I completely forgot that we had made a GoPro video of one of our last 'ice fishing' trips in Madison County, NC. It was a week long arctic blast that froze the river up pretty good. It makes for fun fishing. The video is a little hokey and you can skip to the 1 minute mark for the actual fishing. That first minute, we were using river rock to try and crack the ice, and get it moving so that we could come back and fish the hole later on. At the 3:30 mark, I'm fighting a decent sized Rainbow, although not huge, but also the ice drift that are catching my tippet.
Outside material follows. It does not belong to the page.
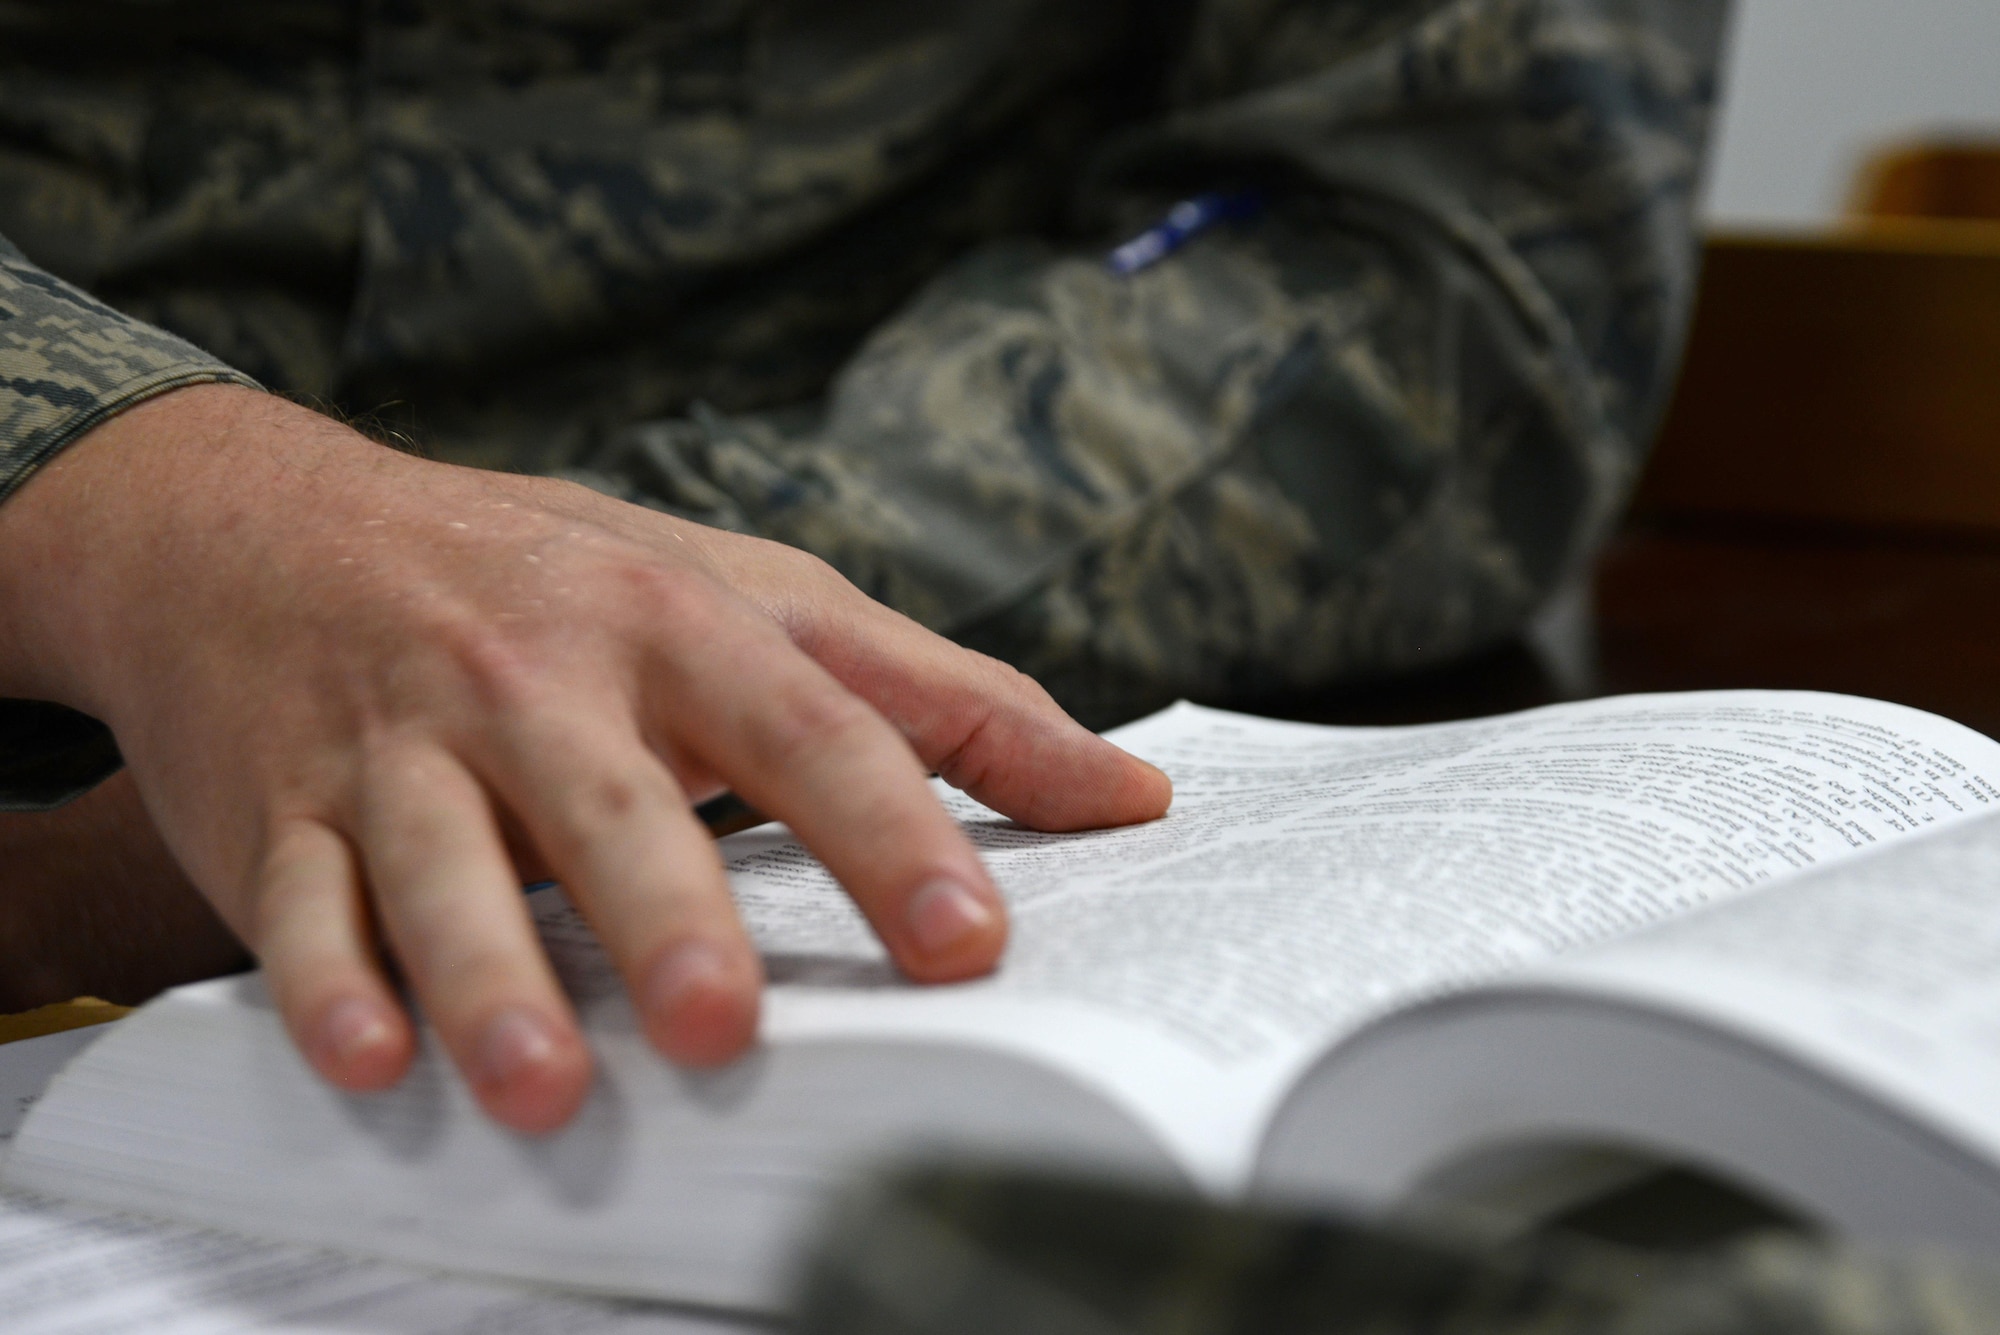 U.S. Air Force Senior Airman Quest Largent, 20th Fighter Wing Judge Advocate (JA) military justice paralegal, reads from a courts-martial manual at Shaw Air Force Base, S.C., May 9, 2017. The manual details punitive articles individuals can be charged under and provides JA Airmen information on how to write the charges. (U.S. Air Force photo by Airman 1st Class Kathryn R.C. Reaves)

You can see the ice on the water's surface. I thought it was going to break my rod.

Anyway, here it is:

https://youtu.be/nkvLcrZsViE


----------



## TheTroutWhisperer

IvyThicket. Thanks for the video! It was awesome! That was hardcore. You guys were catching some dandys also.


----------



## blood on the ground

Great post..


----------



## blood on the ground

IvyThicket said:


> I completely forgot that we had made a GoPro video of one of our last 'ice fishing' trips in Madison County, NC. It was a week long arctic blast that froze the river up pretty good. It makes for fun fishing. The video is a little hokey and you can skip to the 1 minute mark for the actual fishing. That first minute, we were using river rock to try and crack the ice, and get it moving so that we could come back and fish the hole later on. At the 3:30 mark, I'm fighting a decent sized Rainbow, although not huge, but also the ice drift that are catching my tippet. You can see the ice on the water's surface. I thought it was going to break my rod.
> 
> Anyway, here it is:
> 
> https://youtu.be/nkvLcrZsViE



Ivy thicket did you keep any?


----------



## IvyThicket

blood on the ground said:


> Ivy thicket did you keep any?



No, we turned all of those back. Winter time is favorite time to keep however, usually a little stiffer not as mushy. This was a DH stream, which up here doesn't open until June.


----------